Pamela Hetherington, artistic director of Take It Away Dance, grins briefly at her fellow tappers on stage; Lauren Belasco and Alec Chupik, brows furrowed, are too focused on keeping time to catch it. In her Fringe show, The Destination is the Downbeat, Hetherington’s smile and the lackadaisical swing of her arms misconstrue the fury of movement happening beneath her ankles.

She, Belasco, and Chupnik tap dance with ferocity, overlaying their individual beats to create an impossibly fast string of rhythm (at last, shoulders hiked up to the ears reveal the difficulty). They jump while turning around themselves, landing at the exact moment to percuss a booming clack, and the energy dispels. I sit back in my chair.

Beyond the feet

Seeing Hetherington wink, grimace, and furtively glance across the room during The Destination is the Downbeat is delightful. In tap dance, it seems the whole of the body is less beholden to shape since much of the focus is the rhythm created mainly by the feet, and it is a sweet novelty to catch her authentic, in-the-moment reactions.

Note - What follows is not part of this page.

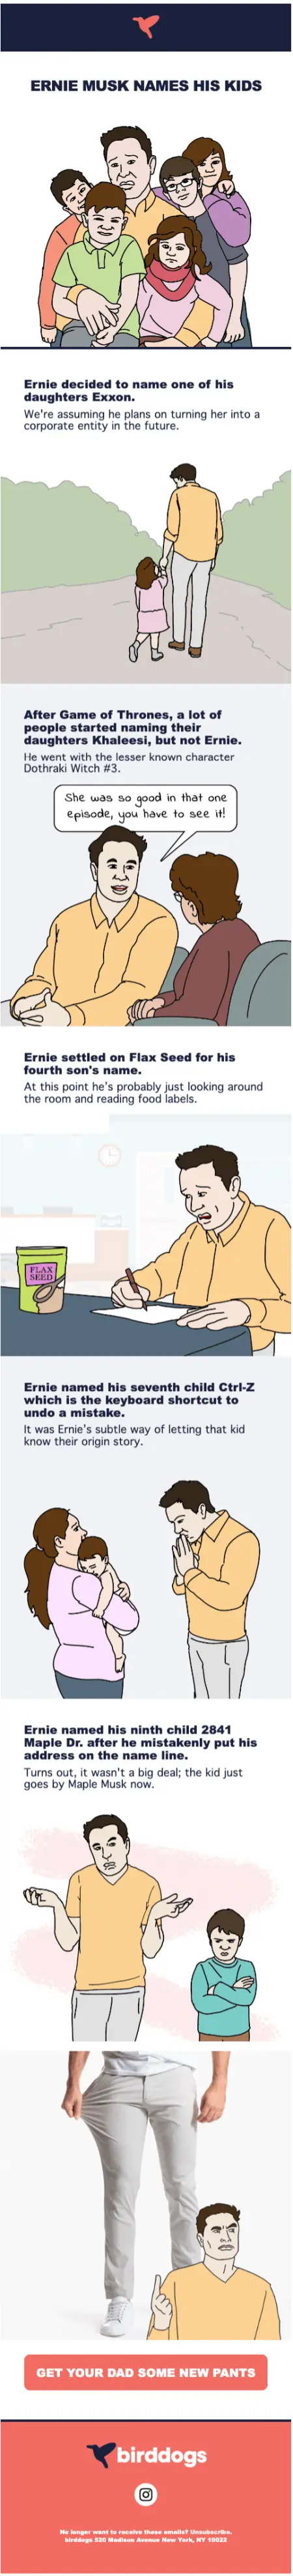 Image shows a Father’s Day email newsletter from menswear brand Birddogs, featuring a zany illustrated comic strip about Elon Musk’s fake brother Ernie and what he named his imaginary children. The CTA at the bottom of the email reads, “Get your dad some new pants.”
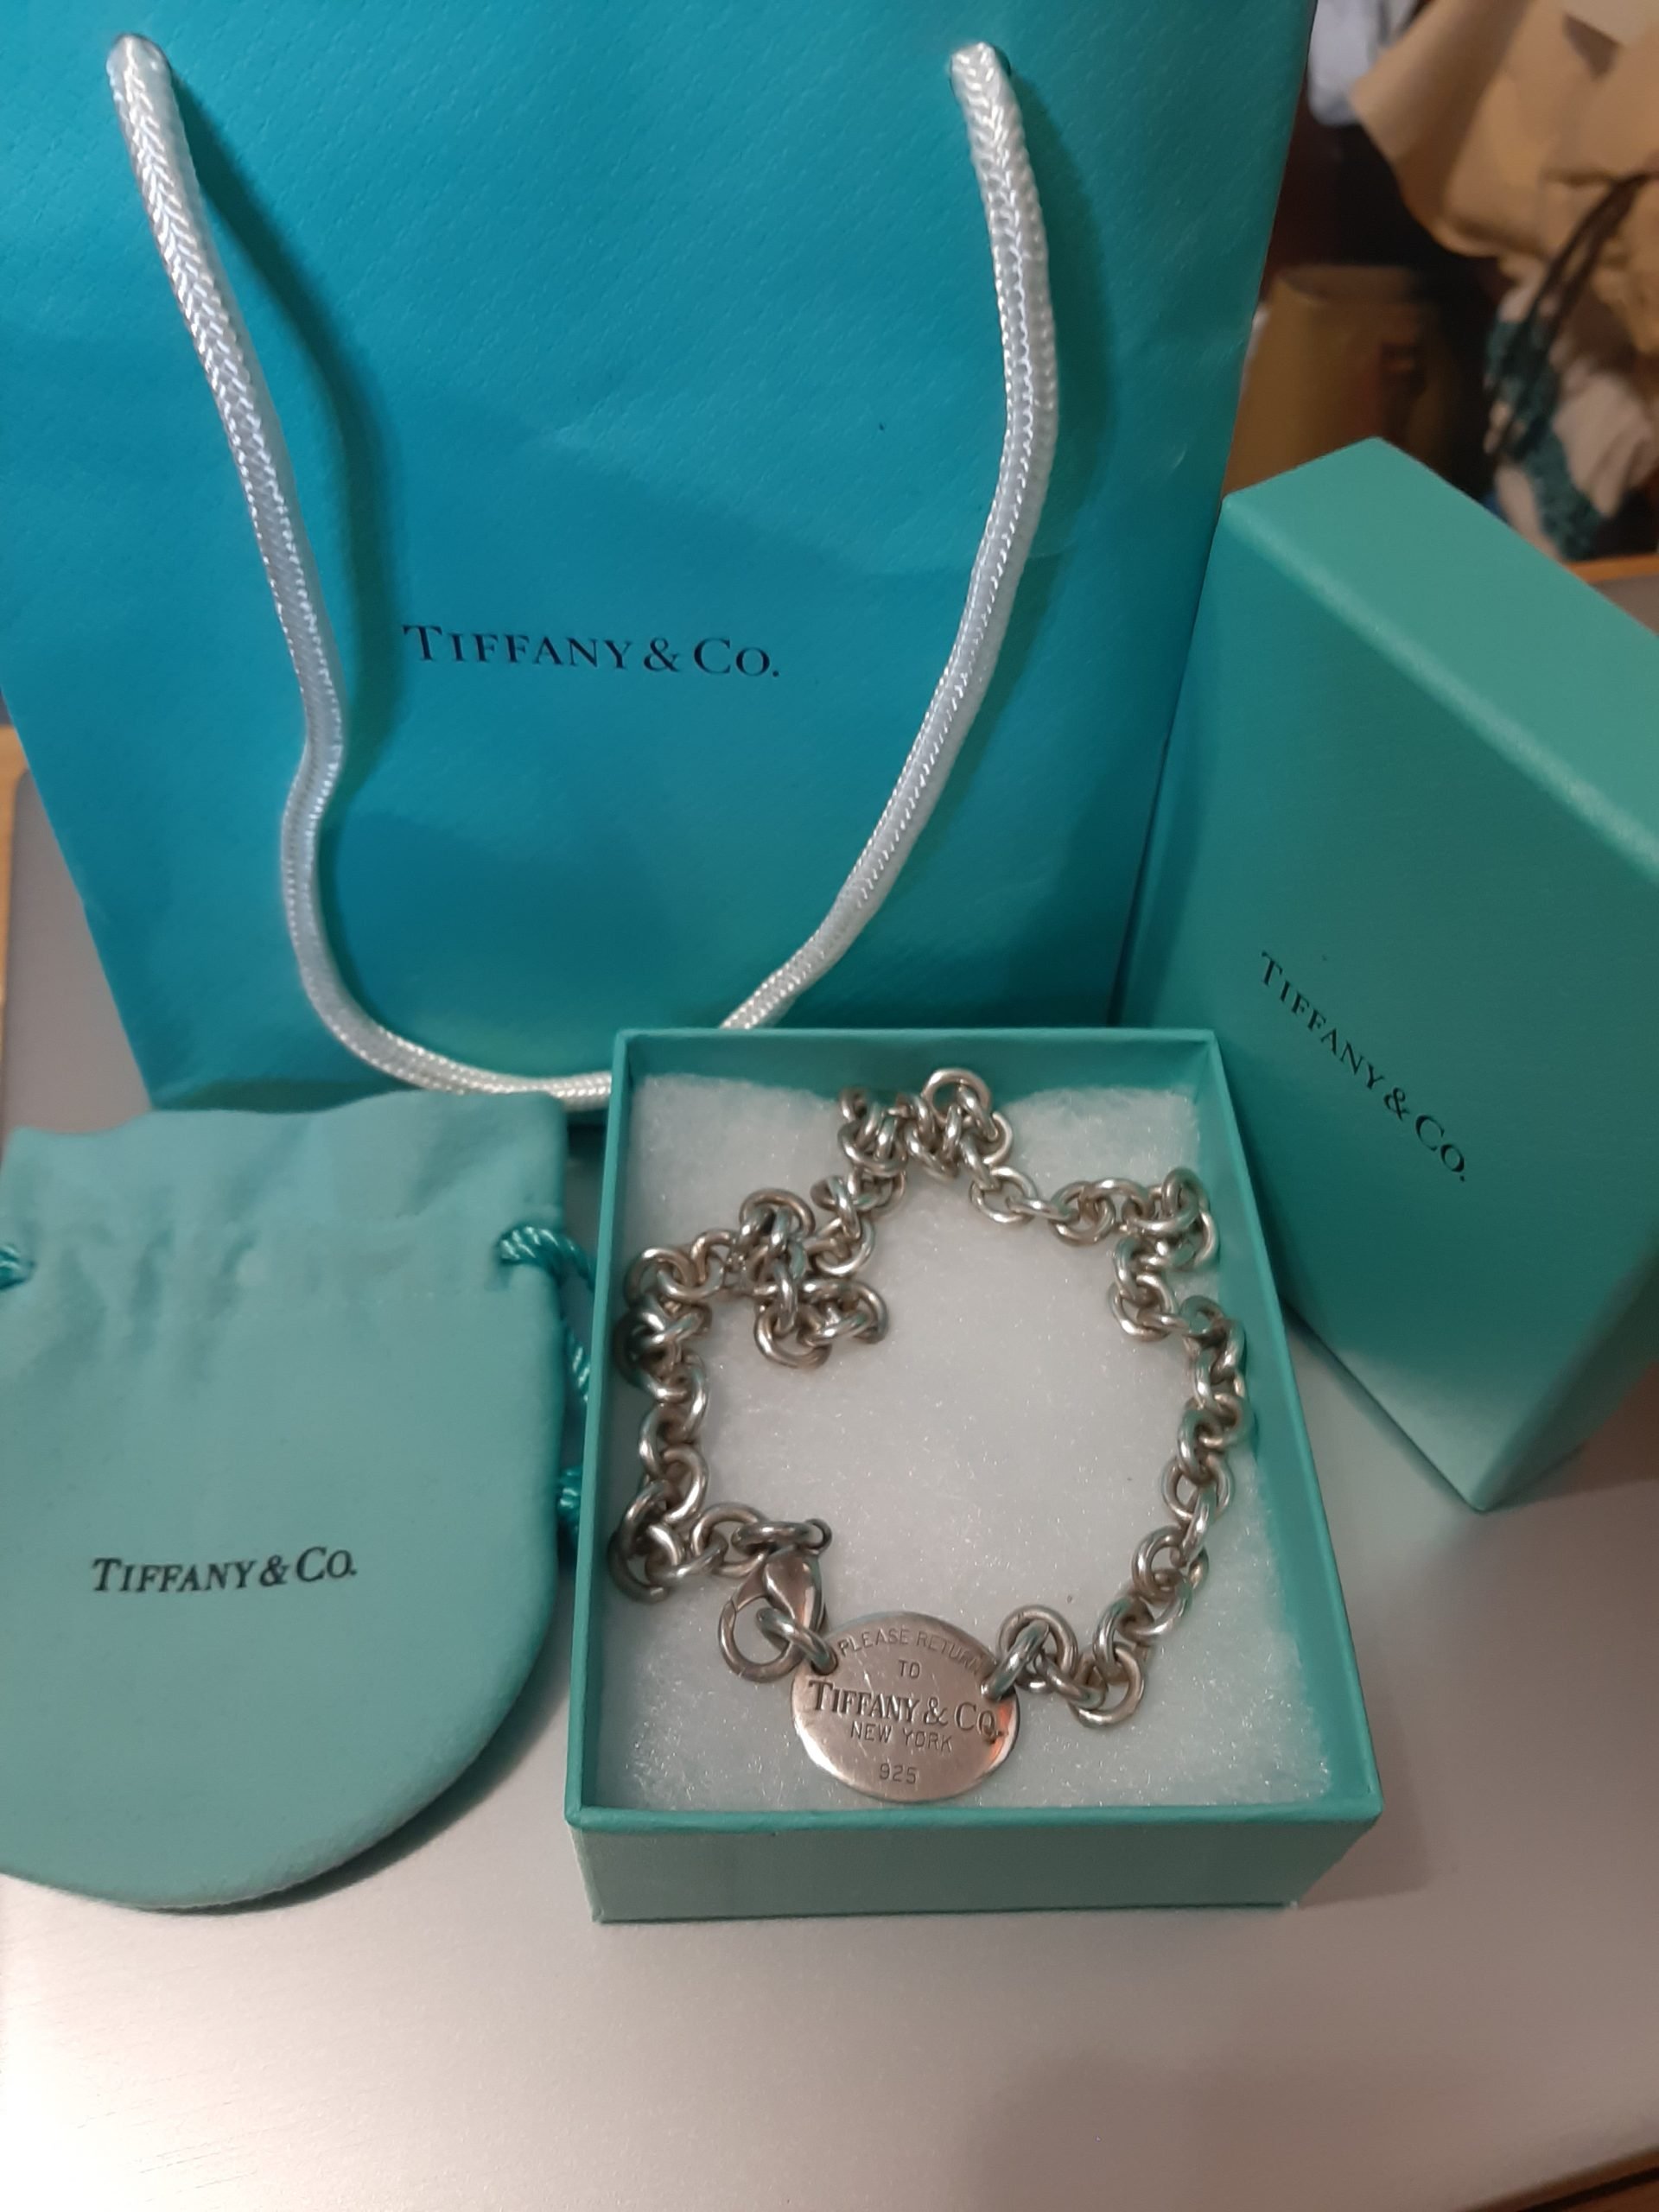 Authentic Tiffany’s women’s necklace

Hetherington’s face also illuminates her razor-sharp focus on her fellow performers, encompassing the other dancers in addition to pianist/musical director Erica Corbo, trumpeter Paul Giess, and bassist Nicholas Krolak. Everything oozes a casual coolness; as Giess’s muted trumpet swings a note upward, Chupnik’s feet thwak the floor with a somehow loose deftness, riffing off of the beat. In the warm glow of the lights in Fishtown’s Drummers space, the swing between tap dancing and the crooning of jazz music makes me want to bob my head, close my eyes, and snap along.

Feeling time

“Time is a feeling,” the show description asserts, and I see this most clearly in the moments I perceive the artists to be improvising. In an interlude carried by the musicians, Corbo on the piano skips around the base layer beat maintained by Krolak. Just when I think it’s gone off the rails entirely, she picks the thread back up and falls in with Giess and Krolak. Later, when the dancers reenter, Belasco punctuates fits of feverish tapping (how can she fit that many raps within a four-count?) with cool brushes of the metallic tap shoes across the floor. The beat is composed of both the notes, or taps, and the space between, and the whole cast pushes what can be held in that space with curiosity and ingenuity.

Perhaps time is merely a feeling. This performance feels like ten minutes, and I could have easily seen more.

What, When, Where

The Destination is the Downbeat. Choreography by Pamela Hetherington. Take It Away Dance. Through September 20, 2019, at Drummers, 2152 East Norris Street, Philadelphia, PA. (215) 413-1318 or fringearts.com.

This venue is accessible only by stairs.